问题
Our project uses a git submodule to pin one of our library dependencies.
We regularly rebase
the submodule to follow upstream changes, and we also have a set of commits on top of it that we cannot easily upstream.
When somebody rebases the submodule, I only see this in the git diff
of the parent repo:
--- a/mysubmodule
+++ b/mysubmodule
@@ -1 +1 @@
-Subproject commit abc12345abc12345abc12345abcd12345abc1234
+Subproject commit efg67890efg67890efg67890efg67890efg67890
That is not very useful. When I git diff
these commits in the submodule, I get a lot of output, including all of the upstream changes, with our commits on top buried in between. I cannot easily judge whether some of the conflict resolution performed on our own commits introduced some mistakes.
How can I effectively code-review the changes to the submodule?
回答1:
Use git range-diff
. It was designed for exactly this purpose, to review commit ranges.
If your parent commit repo has:
-Subproject commit abc123
+Subproject commit efg678
then cd
into your submodule and run (note triple-dots ...
):
git range-diff abc123...efg678
Example output explained:
- Each commit line shows the commit SHA before and after the rebase.

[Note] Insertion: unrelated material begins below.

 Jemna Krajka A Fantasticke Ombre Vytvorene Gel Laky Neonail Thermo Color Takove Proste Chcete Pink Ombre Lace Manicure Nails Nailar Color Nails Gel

- The green lines at the top show new commits in the upstream project. Read them if you want to want to see what changed upstream since you last rebased.
- Yellow lines show commits unchanged by the rebase.
- Red lines are commits that were removed as part of your conflict resolution (e.g. if you contributed one of your patches-on-top into the upstream project).
- Green lines are commits that were added as part of your conflict resolution (e.g. if a new customisation was necessary to make your project work with the new upstream code).
Red-and-green lines show commits that were changed as part of the rebase (e.g. when a conflict resolution had to change your commit-on-top in order to work with modified upstream code).
When they appear, they also include a normal diff so you can inspect the difference.
As part of your review, you should especially check whether addition/removal of your commits-on-top look right (or if some were accidentally dropped), and whether the conflict resolution (red-and-green lines) looks correct.